Data segment:
________________________

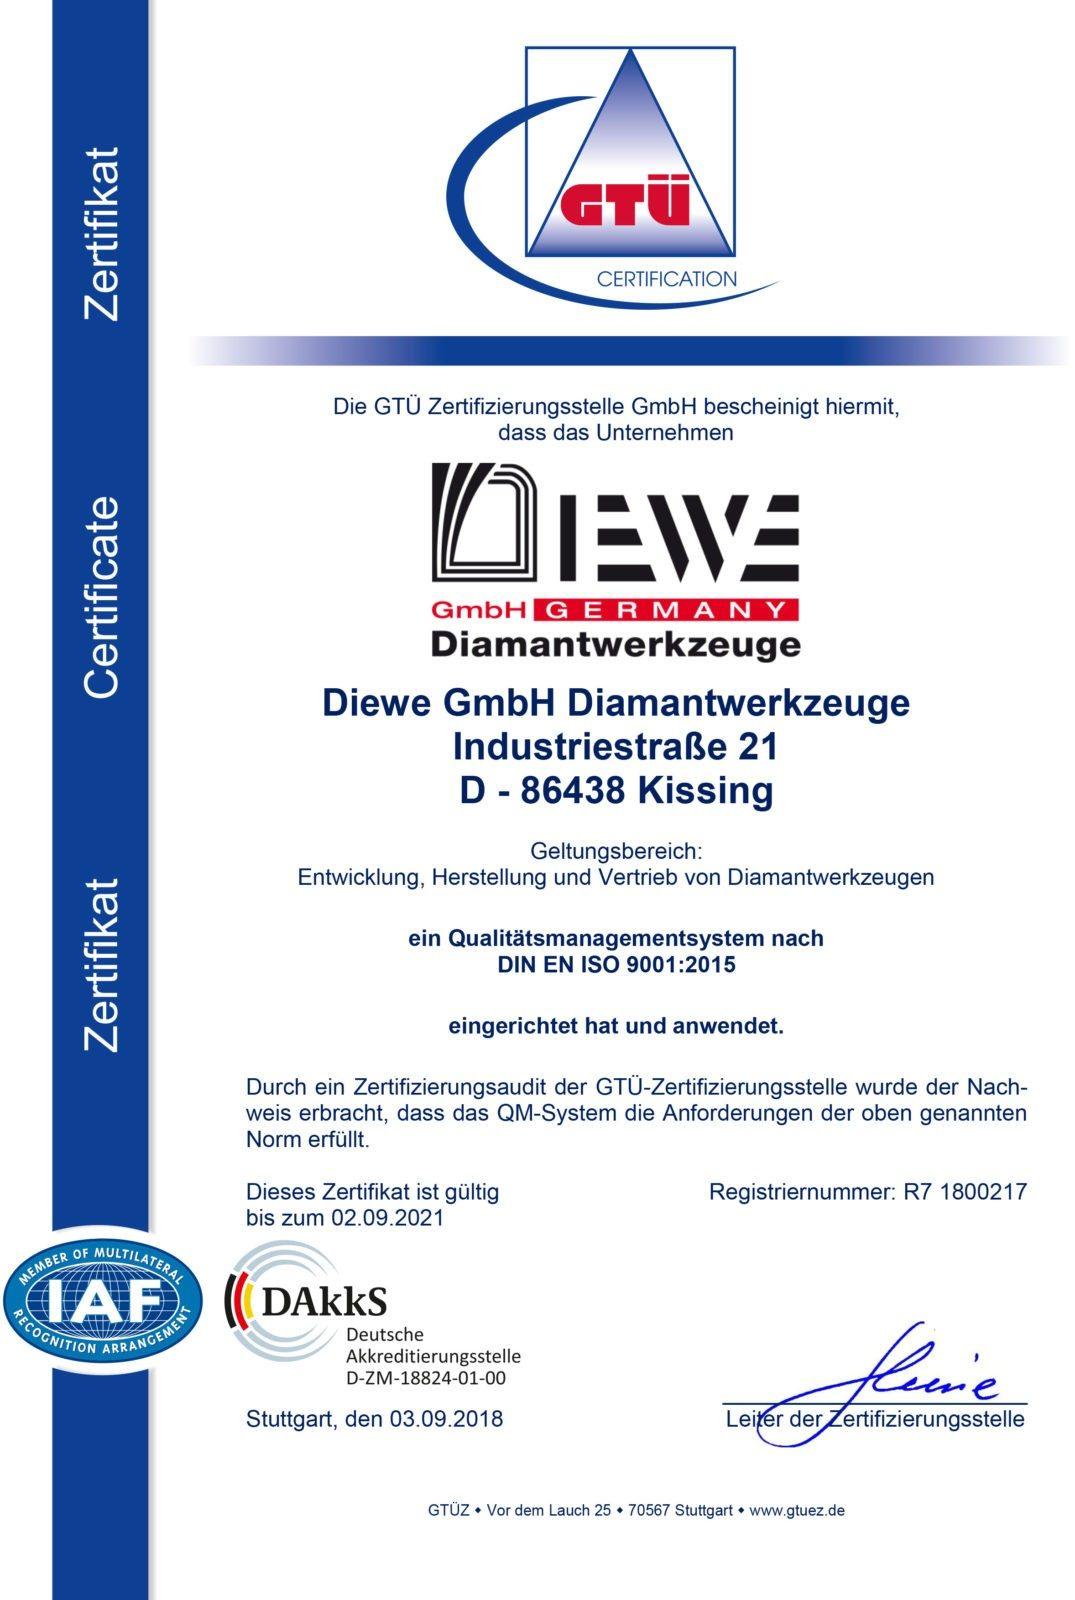 F209iaf_Reg8_Zertifikat_9001_Hauptzertifikat mit Logo - Rev 01 -
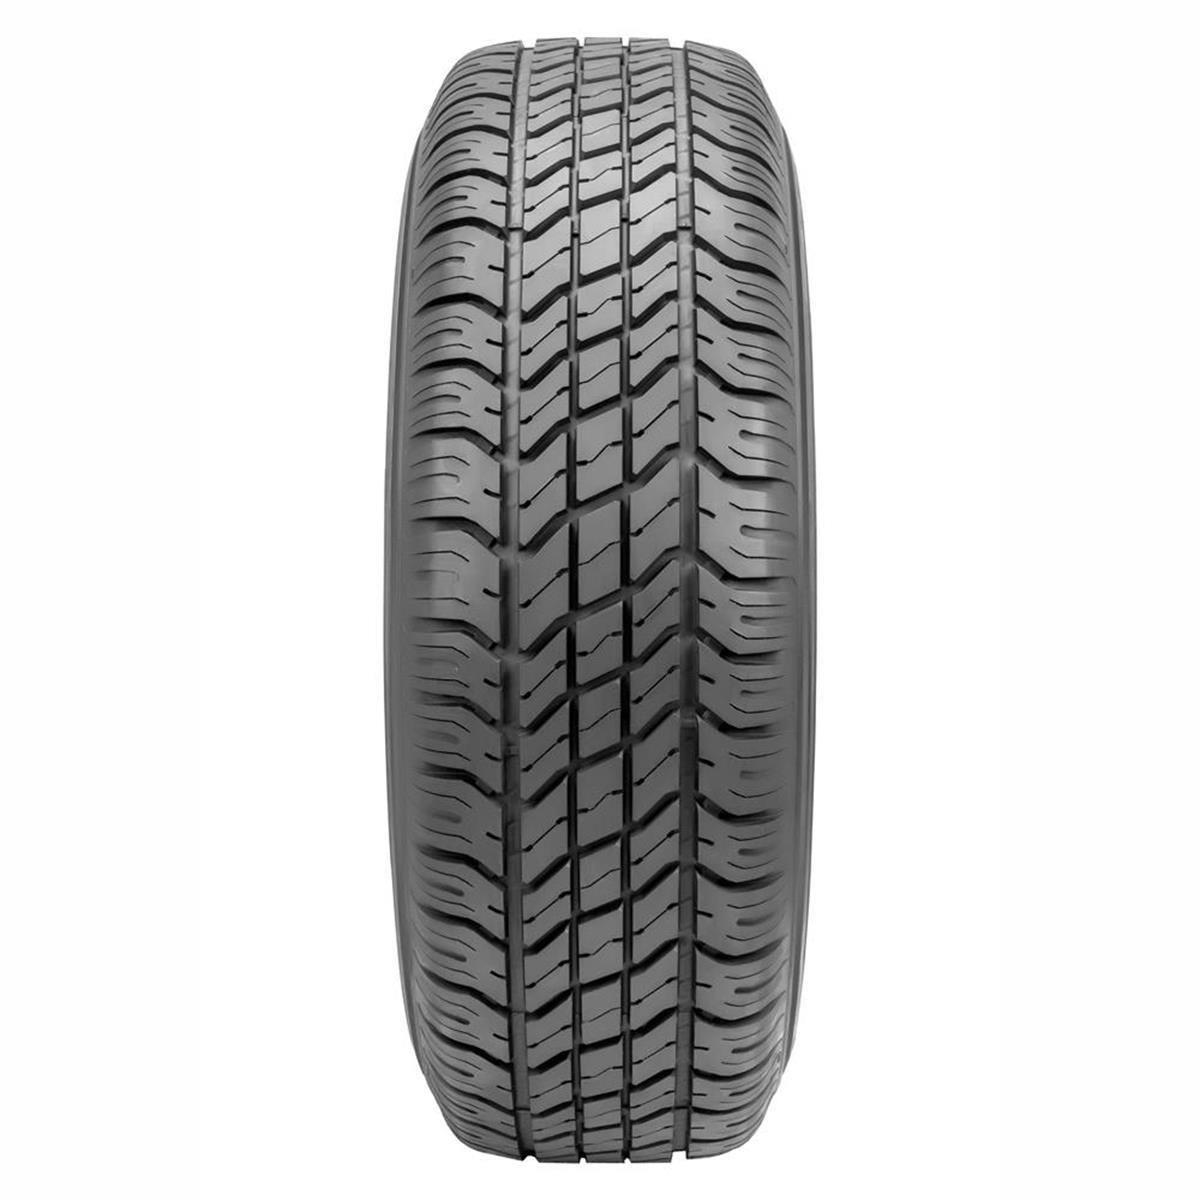 Kit 04 Pneus 205/70 R 15 - Formula S/T 96T - Pirelli
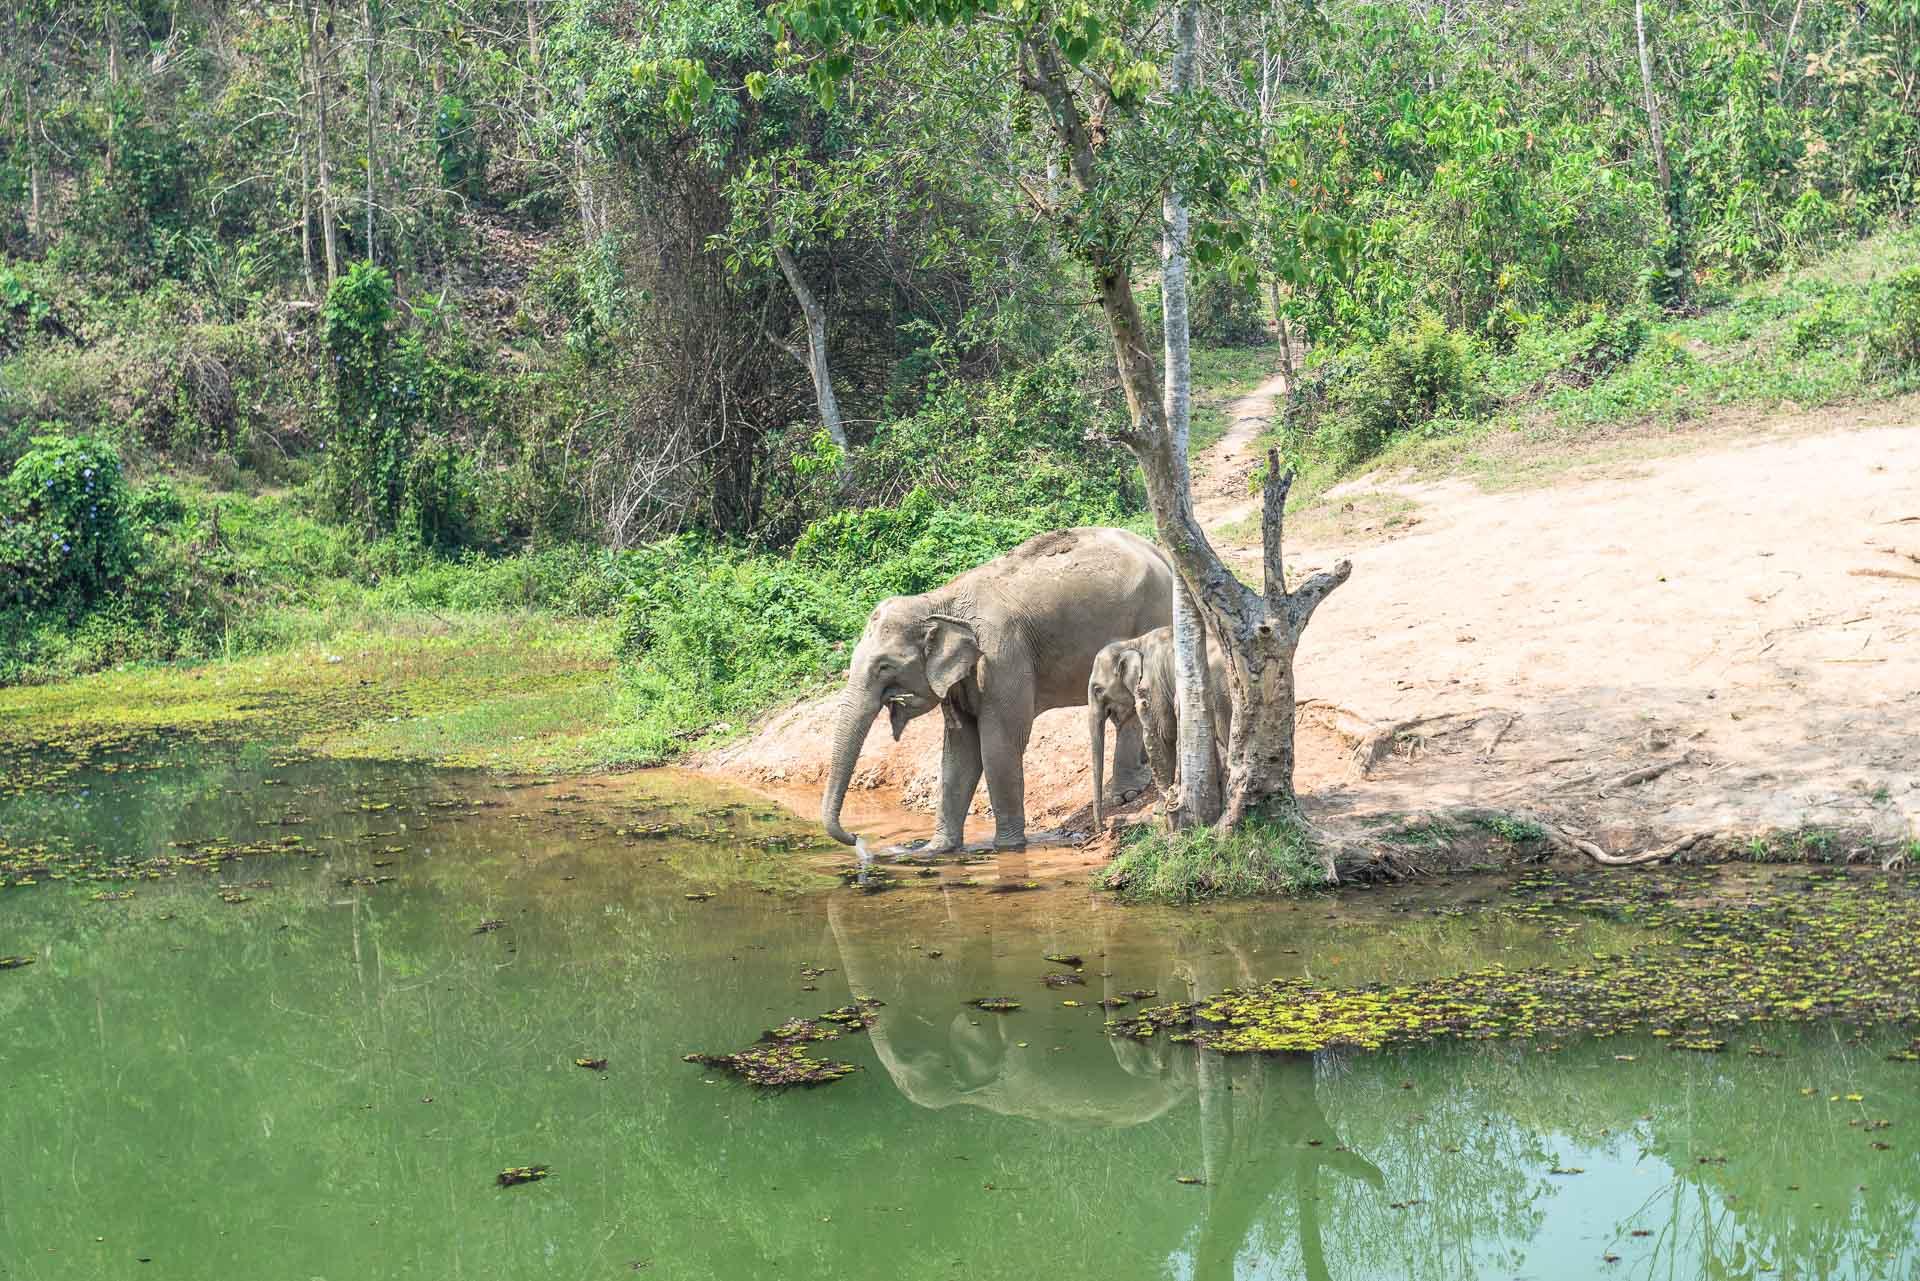 Lesvoyageuses-volontariat-centre-conservation-elephants-laos-9
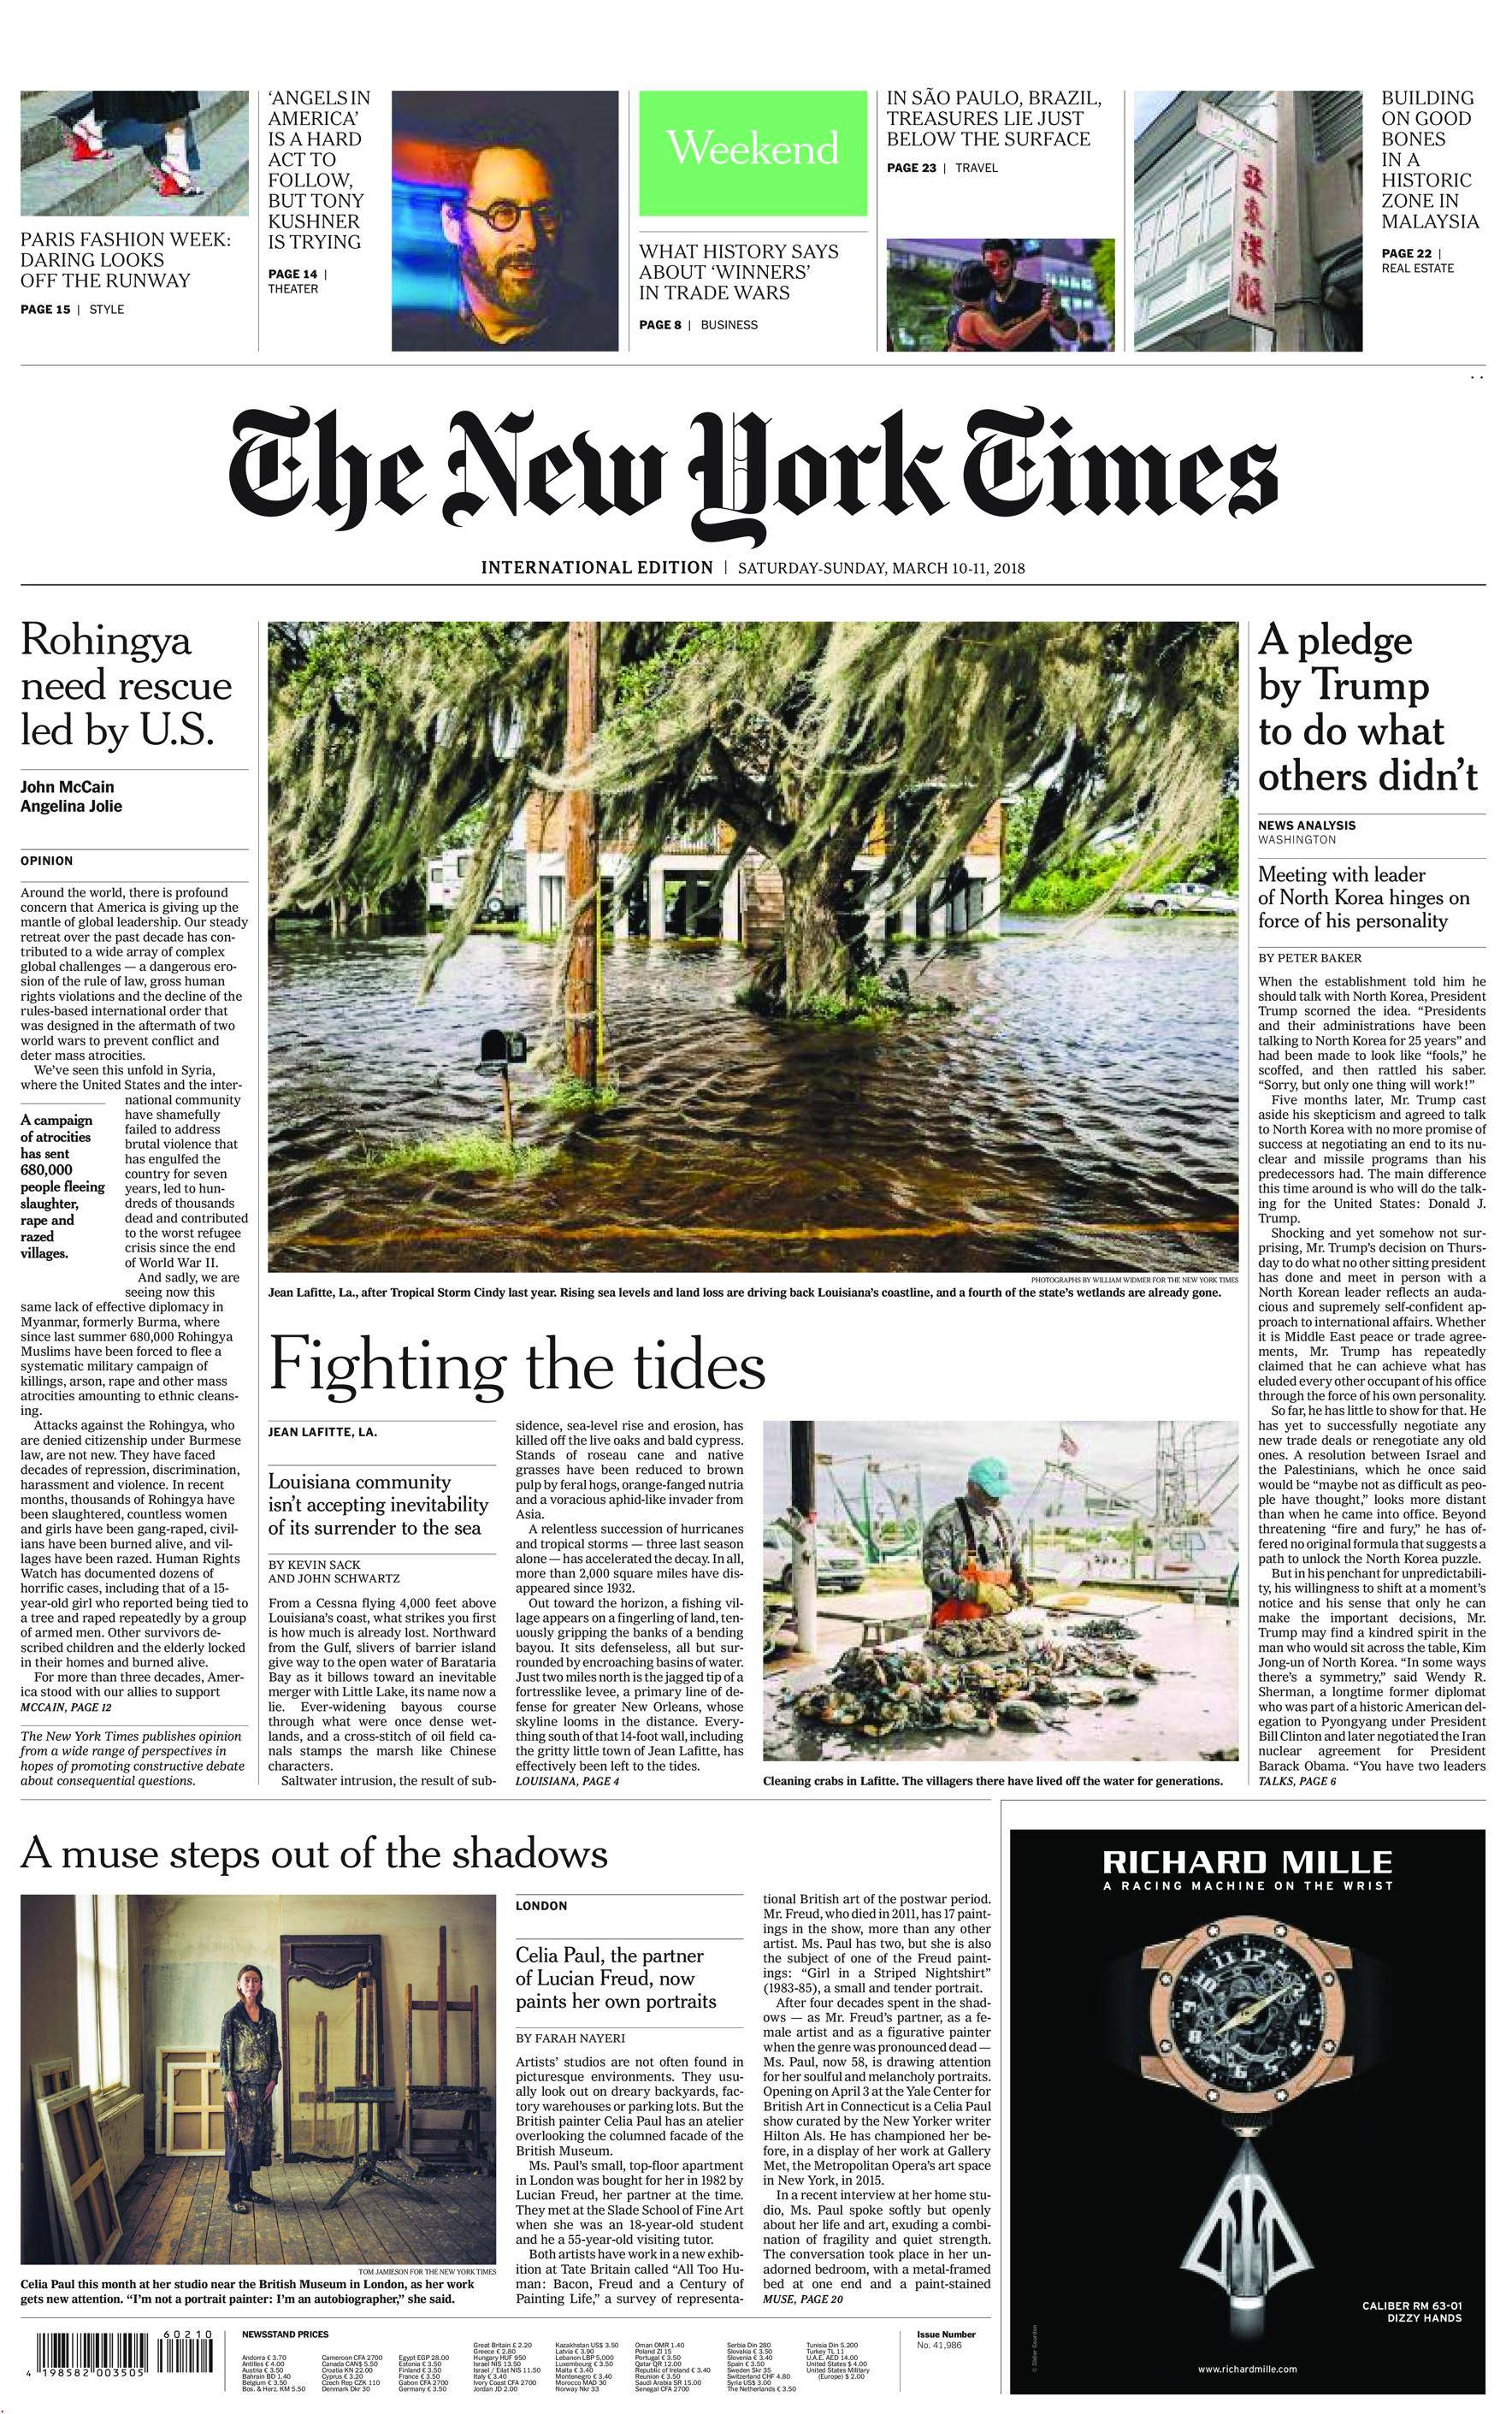 International New York Times - 10 March 2018

________________________

Assigned task: Reproduce the lines above exactly, please, but not the pictures in them.

Answer area:
 F209iaf_Reg8_Zertifikat_9001_Hauptzertifikat mit Logo - Rev 01 -
 Kit 04 Pneus 205/70 R 15 - Formula S/T 96T - Pirelli
 Lesvoyageuses-volontariat-centre-conservation-elephants-laos-9
 International New York Times - 10 March 2018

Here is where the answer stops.